A bipartisan group of 150 former federal and state judges criticized the FBI’s arrest of Milwaukee County Judge Hannah Dugan late last month in a letter to U.S. Attorney General Pam Bondi. 

The letter, sent on Monday, takes issue with the way federal officials publicized Dugan’s arrest and used it in an attempt to intimidate the judiciary system across the country.

Dugan was arrested and charged with two federal crimes after she directed Eduardo Flores-Ruiz — a 30-year-old Mexican immigrant who appeared in Dugan’s courtroom on misdemeanor battery charges —  to use a side exit when a group of federal agents came to arrest him as part of an immigration enforcement action. 

Dugan herself was arrested a week after Flores-Ruiz, accused of impeding the federal agents. Trump administration l officials quickly drew attention to Dugan’s arrest outside the court. FBI Director Kash Patel posted about the arrest on X and later posted a photo of Dugan in handcuffs being walked out of the Milwaukee County Courthouse. Bondi appeared on cable news to call judges who resist the Trump administration “deranged.”

bondi-letter

The letter states that if Dugan’s case were an emergency she would have been arrested sooner, and since it wasn’t an emergency she didn’t need to be “perp walked” out of the courthouse. She could have been issued a summons to appear before a federal judge, which is common practice in other white-collar criminal cases, according to the letter. 
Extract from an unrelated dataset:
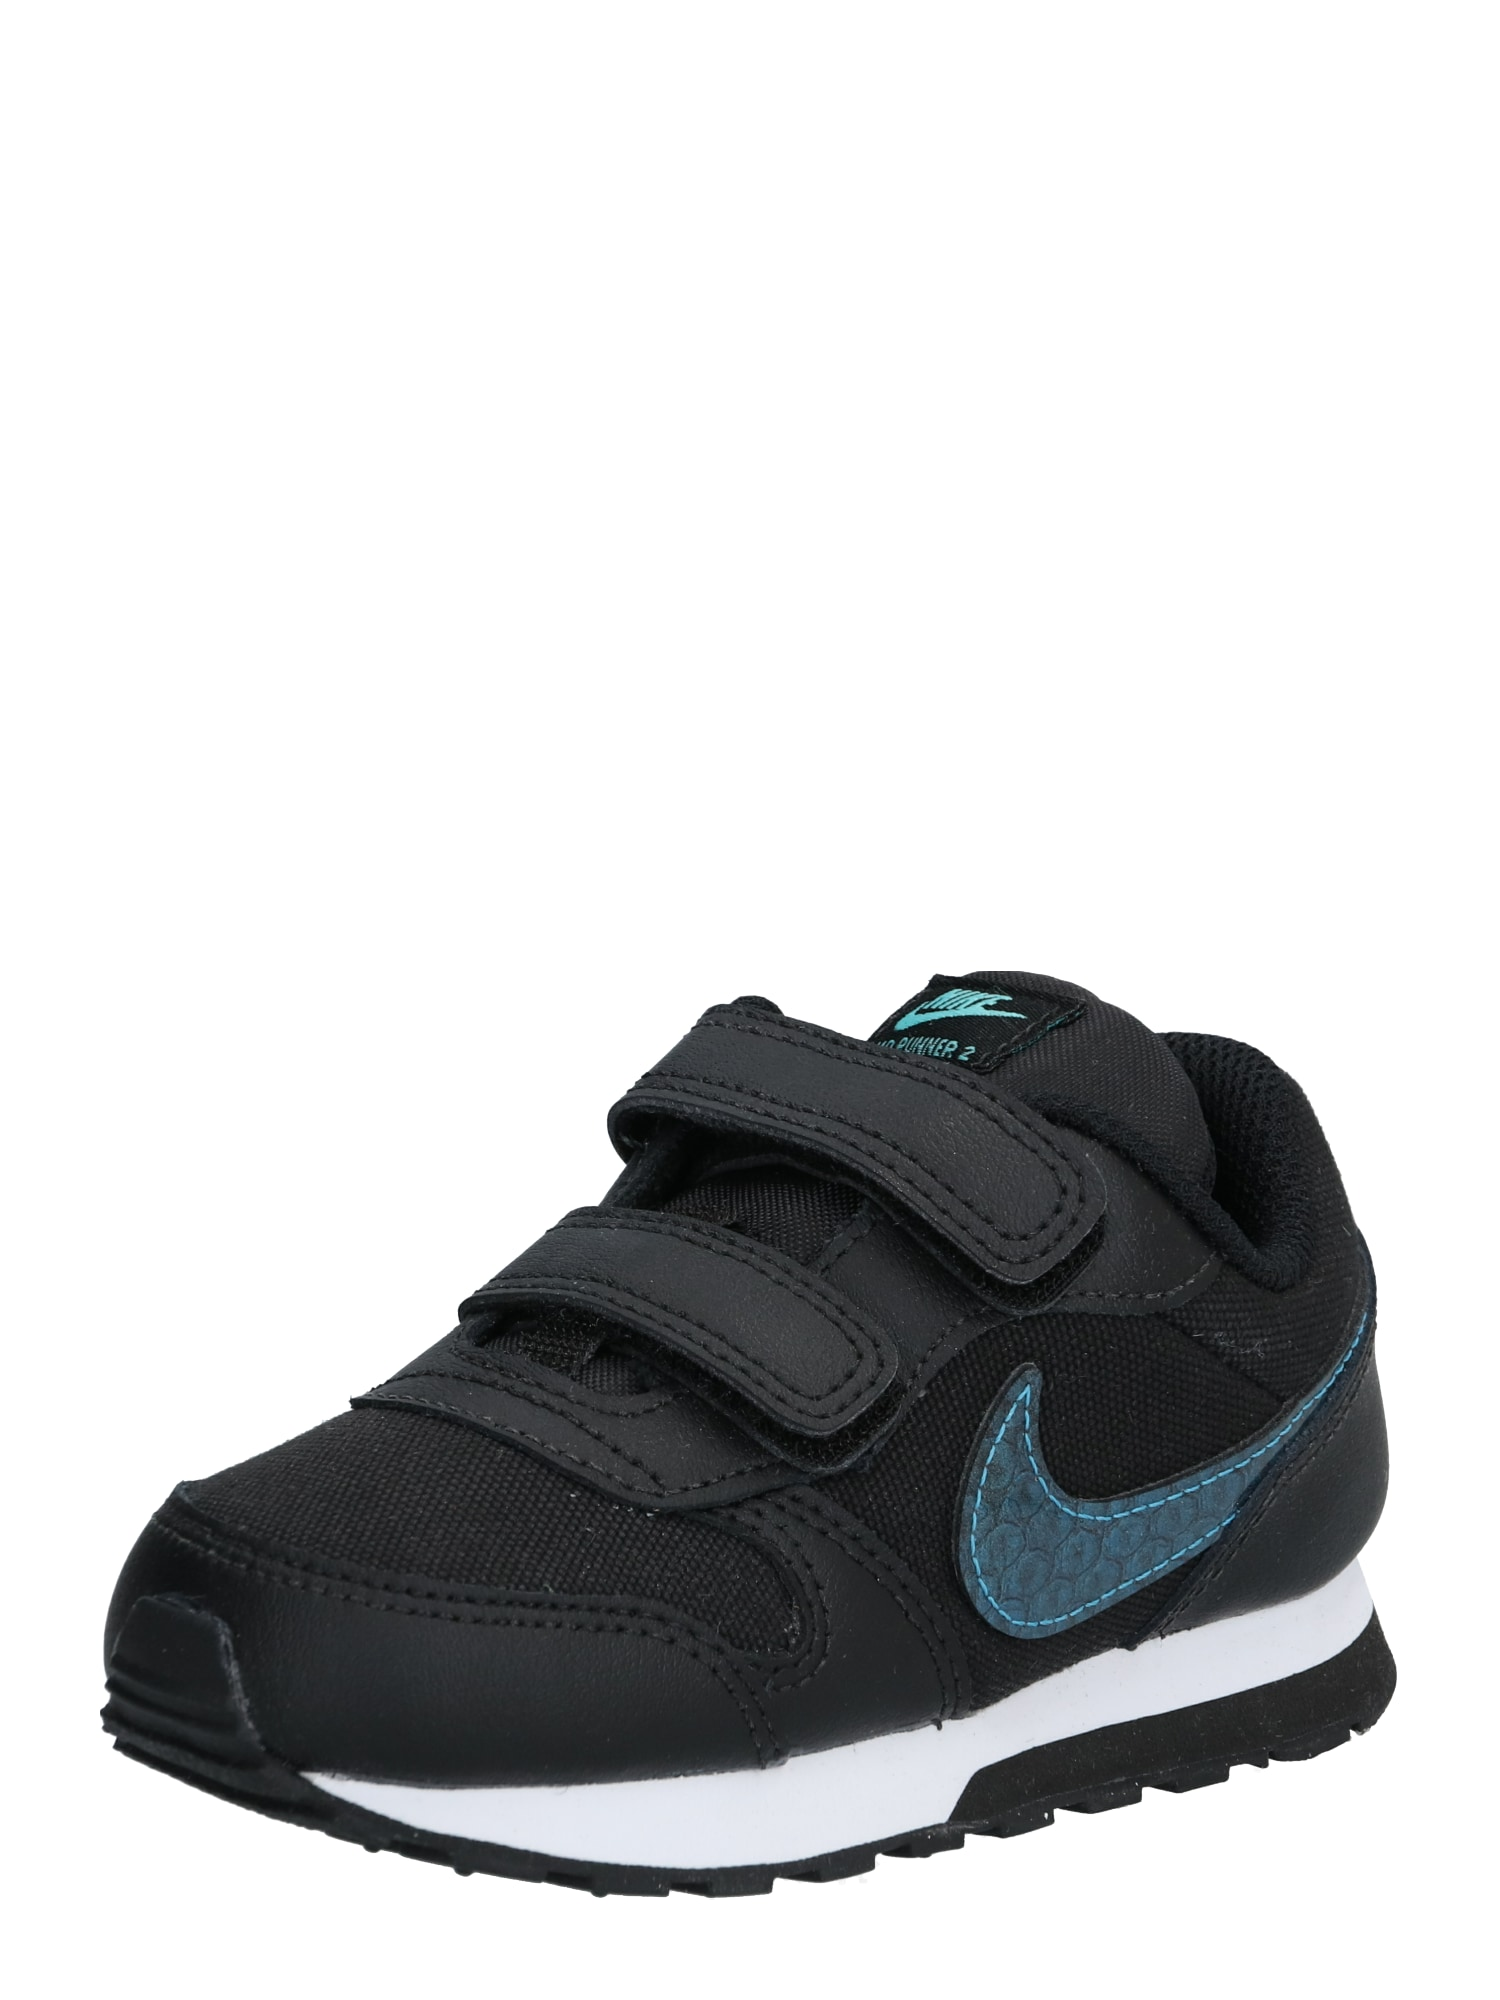 Nike Sportswear Sportbačiai 'Runner 2 Dragon' antracito / juoda / mėlyna

“The circumstances of Judge Dugan’s arrest make it clear that it was nothing but an effort to threaten and intimidate the state and federal judiciaries into submitting to the Administration, instead of interpreting the Constitution and laws of the United States,” the letter states. “This cynical effort undermines the rule of law and destroys the trust the American people have in the nation’s judges to administer justice in the courtrooms and in the halls of justice across the land.”

Retired Wisconsin Supreme Court Judge Janine Geske is among the letter’s signers.